---------- COLLECTED DATA ----------

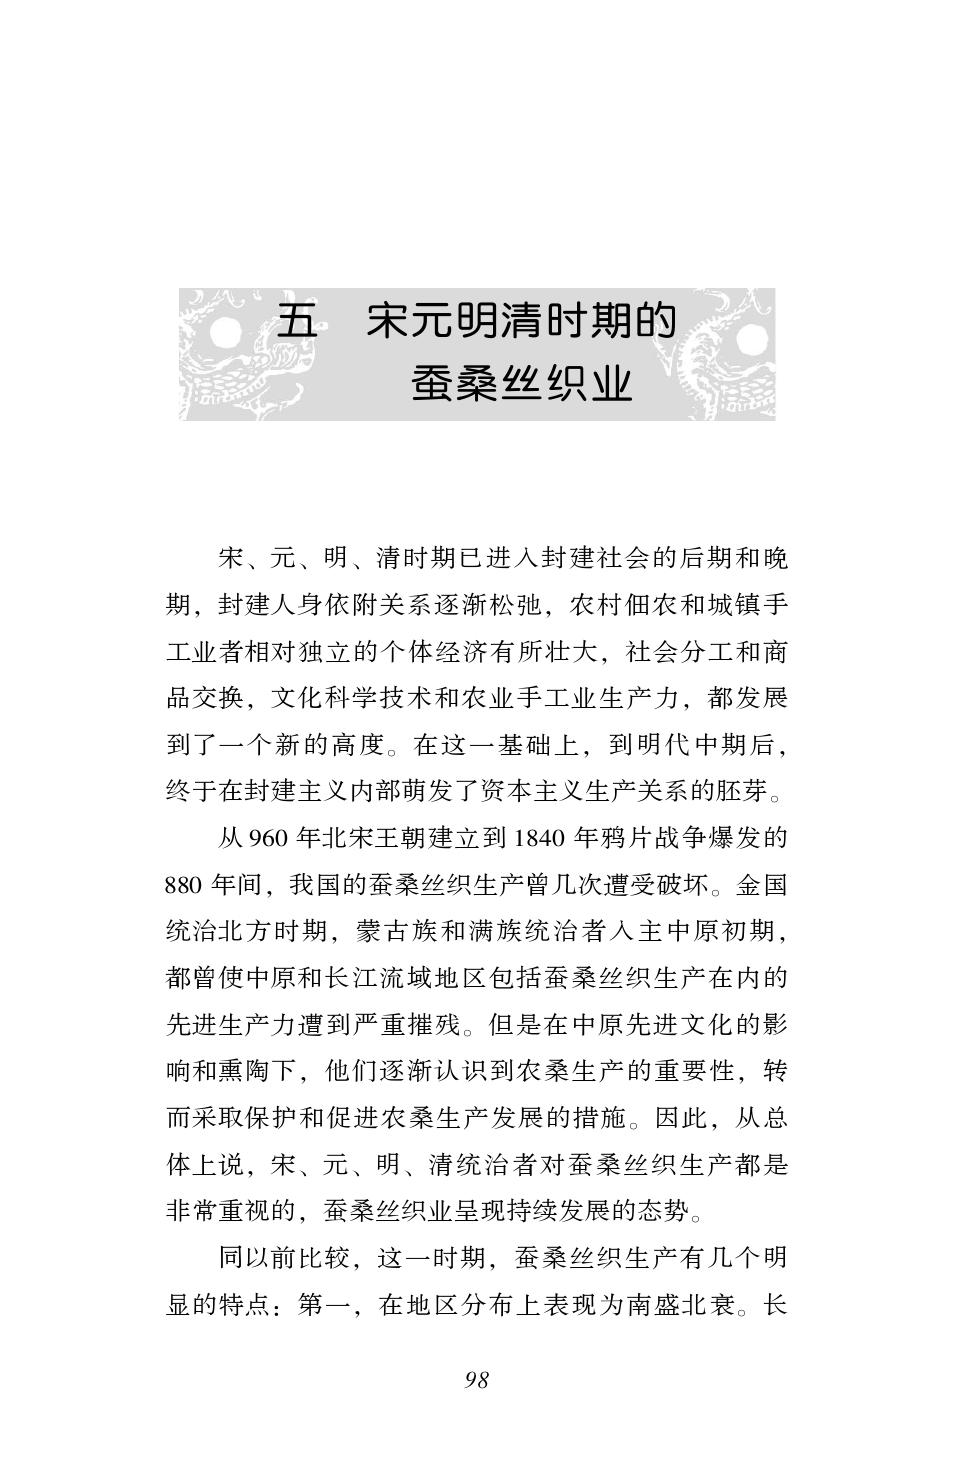 宋元明清时期的蚕桑丝织业
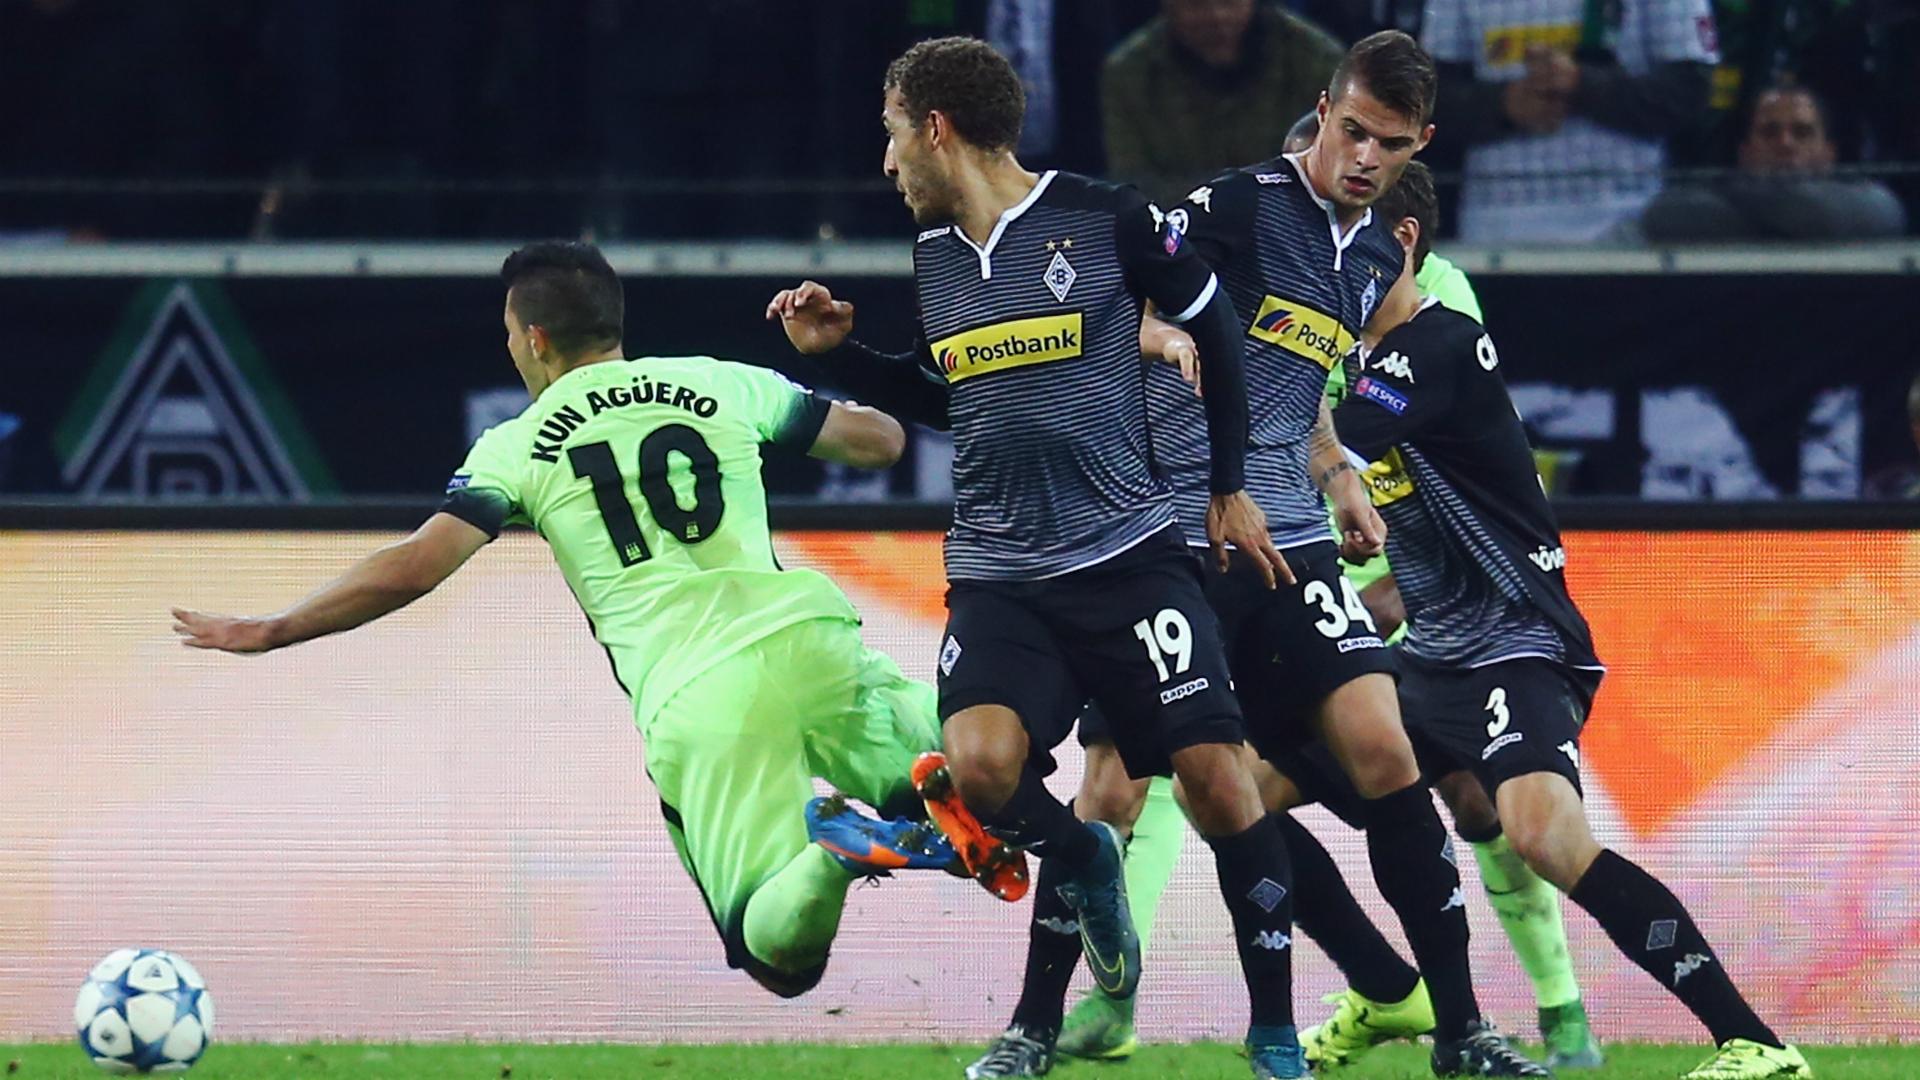 Манчестер матч Менхенгладбах Сити Боруссия на прогноз
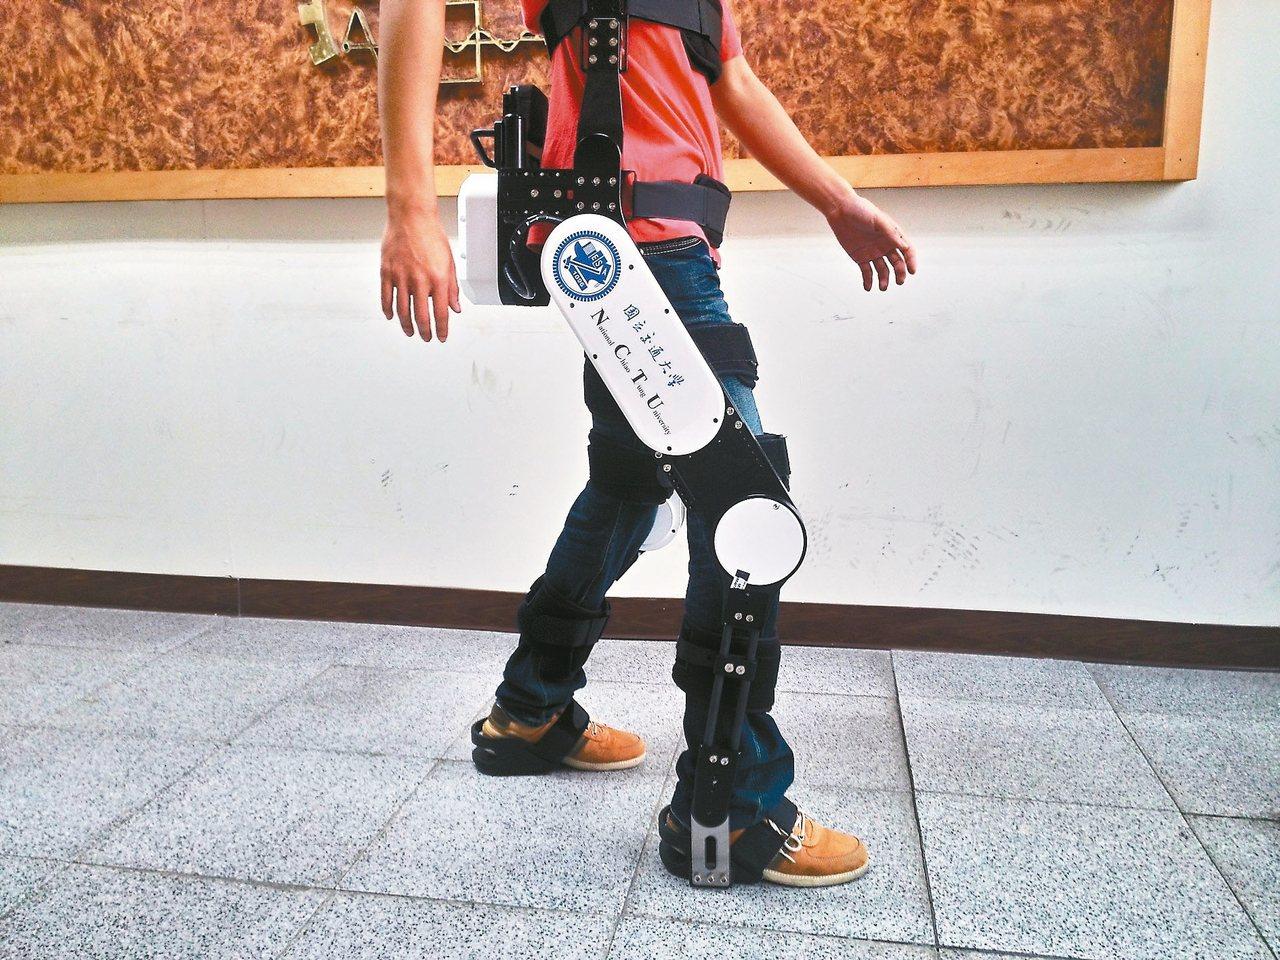 大學育才搶機器人商機,台、成、交、清大等甚至有專門碩士學位學程。 圖/交通大學提...

----------

TASK TO COMPLETE: Reproduce the data exactly as it appears above. Pictures are to be left out.

WRITTEN RESPONSE:
 宋元明清时期的蚕桑丝织业
 Манчестер матч Менхенгладбах Сити Боруссия на прогноз
 大學育才搶機器人商機,台、成、交、清大等甚至有專門碩士學位學程。 圖/交通大學提...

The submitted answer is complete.